*** TASK INPUT Section Begins ***
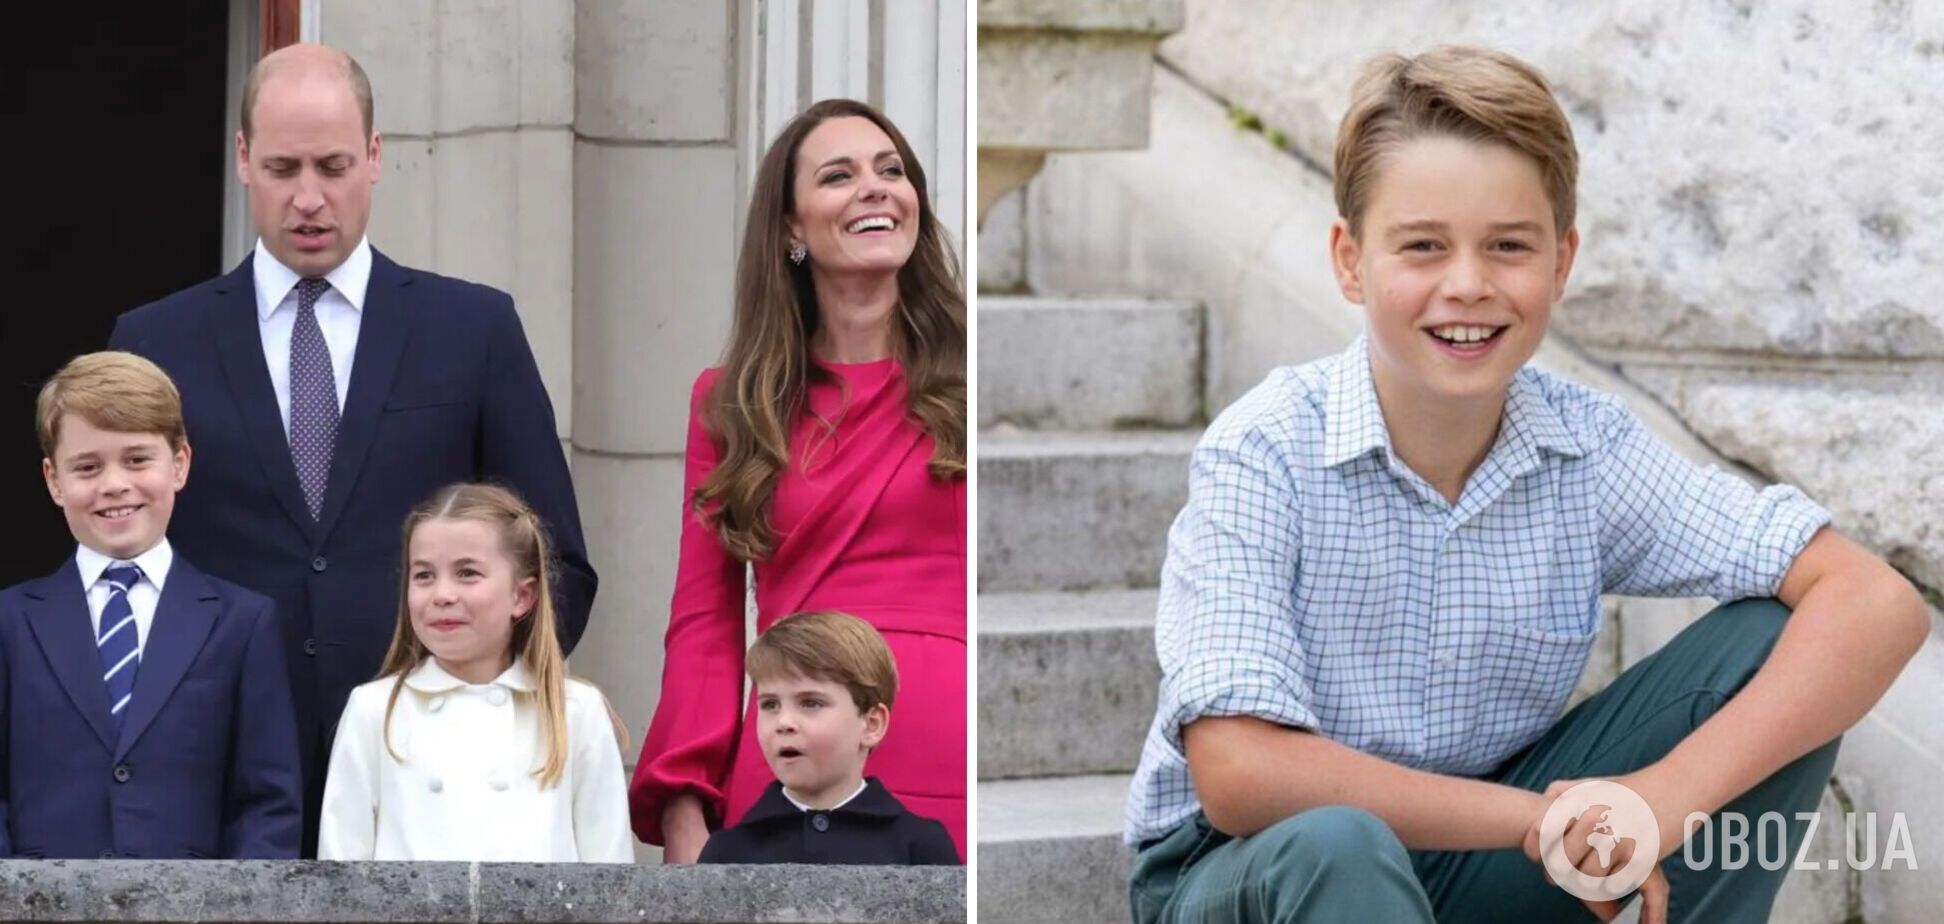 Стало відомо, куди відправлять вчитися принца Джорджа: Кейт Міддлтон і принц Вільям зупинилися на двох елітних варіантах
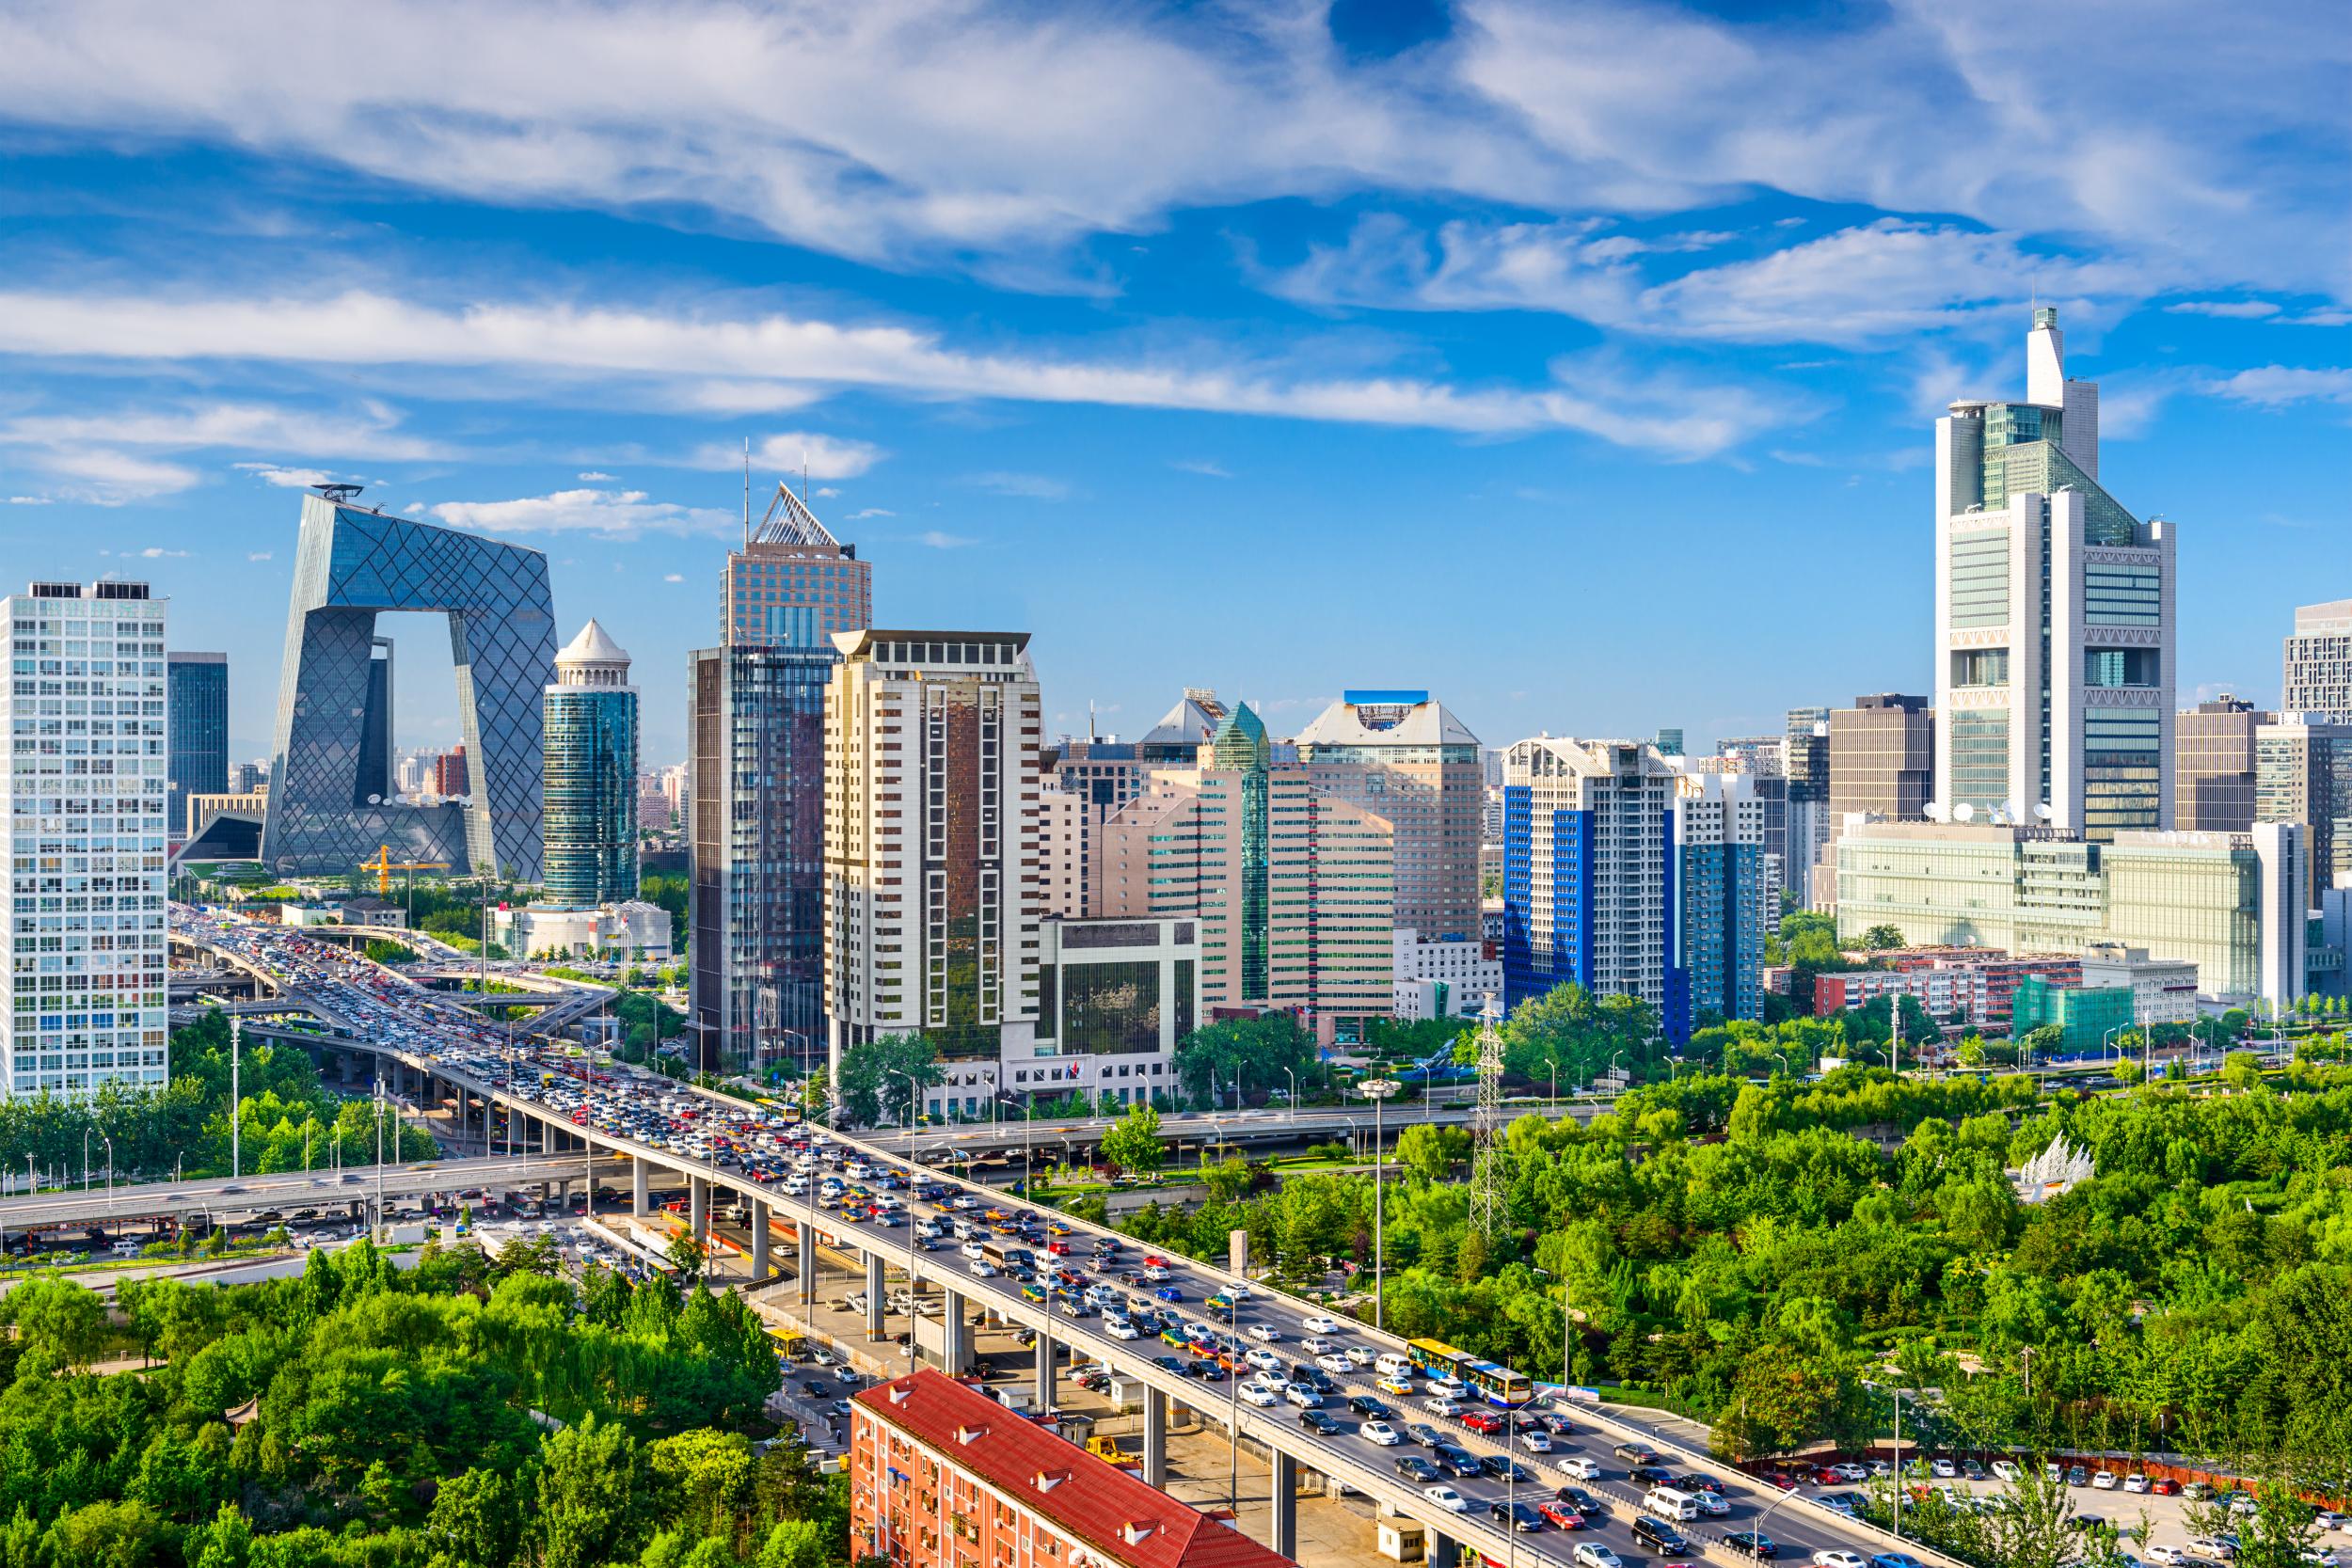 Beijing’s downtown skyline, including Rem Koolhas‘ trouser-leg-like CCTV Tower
*** TASK INPUT Section Ends ***
*** TASK INPUT Section Begins ***
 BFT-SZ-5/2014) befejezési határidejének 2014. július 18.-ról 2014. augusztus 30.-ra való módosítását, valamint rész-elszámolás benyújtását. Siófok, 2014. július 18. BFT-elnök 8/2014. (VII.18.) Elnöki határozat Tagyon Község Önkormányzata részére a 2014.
*** TASK INPUT Section Ends ***
> ASSIGNED TASK: Transcribe only the lines above that start at the line containing "Стало відомо, куди" and end at the line containing "Beijing’s downtown skyline, including". Omit pictures.

> SOLUTION:
 Стало відомо, куди відправлять вчитися принца Джорджа: Кейт Міддлтон і принц Вільям зупинилися на двох елітних варіантах
 Beijing’s downtown skyline, including Rem Koolhas‘ trouser-leg-like CCTV Tower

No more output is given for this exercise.